The Shame of Belonging to SWAL

The author, Omari Jackson

There are some journalists whose duty is to write and talk about sports and the Sports Writers Association of Liberia is their organization. In their discussions, they talk about sports and they follow athletes as they grow in their careers.

They also follow athlete and make them know how important they are, and how much they stand to gain, if all goes well.

They criticize to ensure improvement and not to destroy a player’s passion for his game. Much attention is on the player and not on a foreign player, who lives thousands of miles away.

For many of us, that was how we were taught to do, and how we did it. Before the civil crisis, sports and sportsmen had the best of time.

Particularly in football, athletics and basketball, sports writers followed players as they moved on to major professional leagues in Europe and America.

Sadly, Liberian footballers who moved to America did not make any impression in either soccer or basketball. Their absence created a vacuum at home that could not be filled.

We created our stars and gave them nicknames: ‘Armstrong’ (Joe Nagbe), the ‘Most Celebrated Player’ (James Salinsa Debah) and the eventual king of the turf ‘Wizard Dribbler” (George Weah), just to name a few.

It was the best of times to talk and write about sports. On the radio, were names like the late Herbert Grigsby, Cyrus Badio and Patrick Manjoe. Badio and Manjoe later came up with the breakfast show CyrusPat Show that took the nation by storm.

Those broadcasters made listening to radio an exciting adventure. They were devoted to our players and the players loved them for it.

On the writing side, I and others like Gabriel da Costa, Akosa Ike, Emmanuel Williams, Hassan Kiawu, Simon Reeves, Momolu V. O. Sirleaf, the late Klon Hinneh, Mattor Harris, James B. Carter, Bana Sackie, made sports writing a wonderful experience.

The war, that animal of progress, brought all our things to a halt, and like Chinua Achebe said, “Things fell apart and the center could no longer hold.”

Today, we live in a new era, a period of instant communication in which the internet has made the work of a sport writer less challenging. And the best sports writers can now do is ‘copy what others have written and for another audience and publish them in their newspapers’ and they are known as ‘sports writers.’ What a shame!

What has the Sports Writers Association of Liberia, SWAL, brought into the development of the sports writer? I am aware of a couple of seminars but the results have been the same, stealing articles from the internet.

Since my return, I have observed SWAL in serious confrontation with the Liberia Football Association when it is not able to address its members’ passion to promote European football over local sports.

I have also heard radio presenters who read step-by-step career growth of foreign players at the expense of local players.

When the Amputee Lone Star won the Cup of Nations’ trophy the 3rd time, the SWAL was silent about that achievement.

When the national team, Lone Star suffered its worst humiliation defeat against Nigeria, SWAL remained mum.

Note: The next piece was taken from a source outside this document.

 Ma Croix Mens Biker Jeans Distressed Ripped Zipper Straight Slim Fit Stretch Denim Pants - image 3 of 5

When former national team players Mark Fino and Pete Roberts and administrator David L. Bropleh passed in 2013, the SWAL was nowhere to identify with the families. As I write, Experience Sayon Davis and Joker Wreacher both suffered from stroke and the SWAL has not made any attempt to go tell them ‘don’t mind.’ Sayon was a member of the Lone Star that in 1979 won the 6-Nation Tournament.

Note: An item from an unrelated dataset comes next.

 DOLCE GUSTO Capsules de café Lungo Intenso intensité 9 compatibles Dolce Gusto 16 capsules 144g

The SWAL or its members are not interested in the local boy who after several attempts managed to beat 32 and to set his local team afire with delight.

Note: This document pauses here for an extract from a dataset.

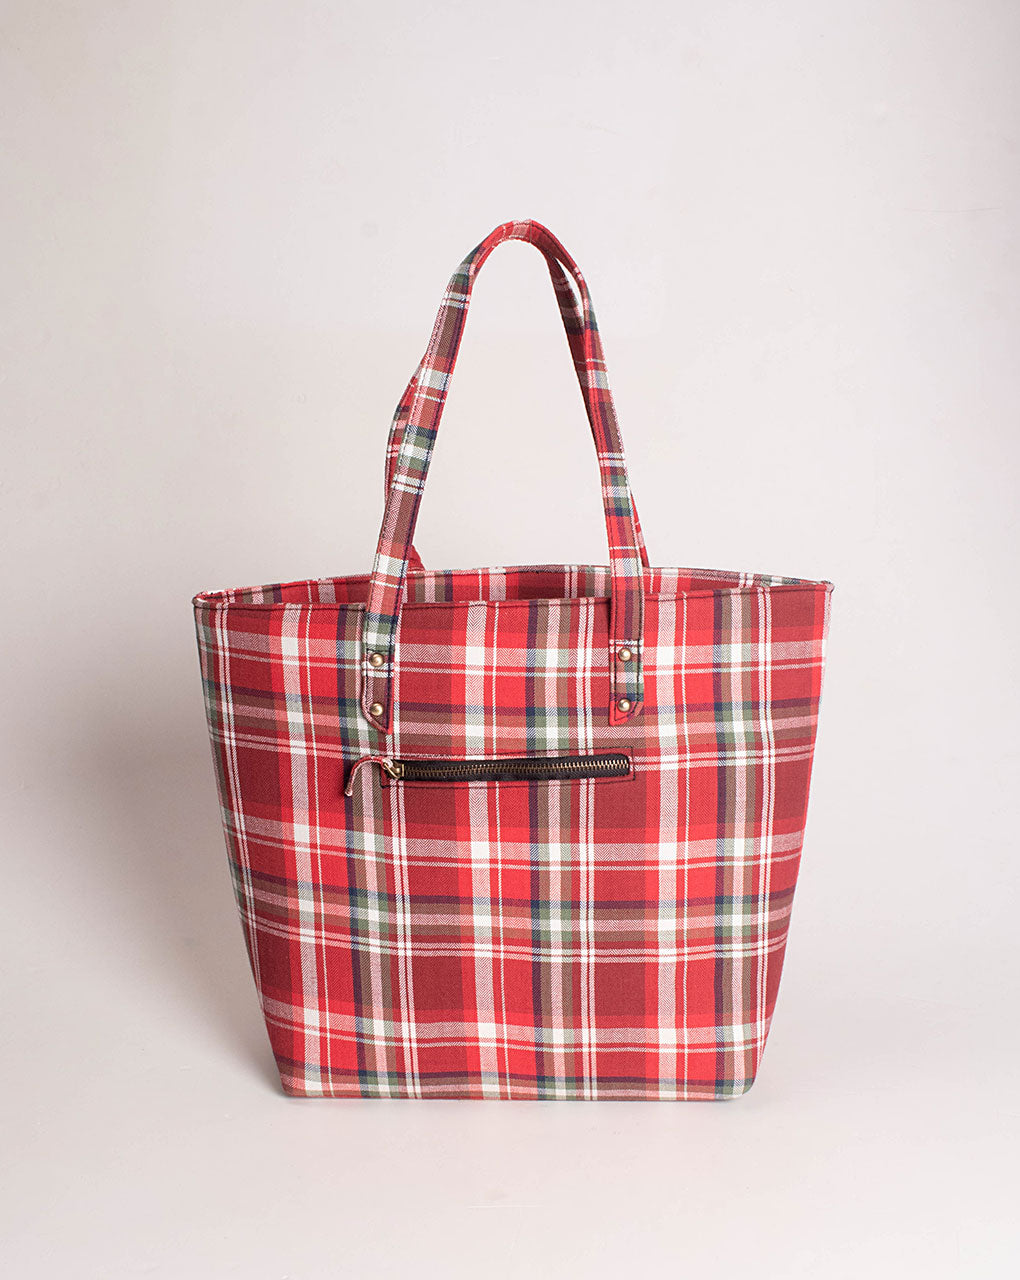 How to Make a Fashionable Denim Bag - DIY & Crafts

One of the initiatives that made SWAL relevant: the Herbert Grigsby Forum is gone, and what does SWAL have left?

SWAL election is coming up and there are issues about money credited and repaid. That is pure nonsense!

Sometimes I feel ashamed to be a sports writer, but I have been writing for the last several years and I find it difficult to quit. I have also been writing shorts stories and I think I must continue, for at least, Criminal lawyer Jason Doe, the hero of my mystery stories, will ensure that justice is done.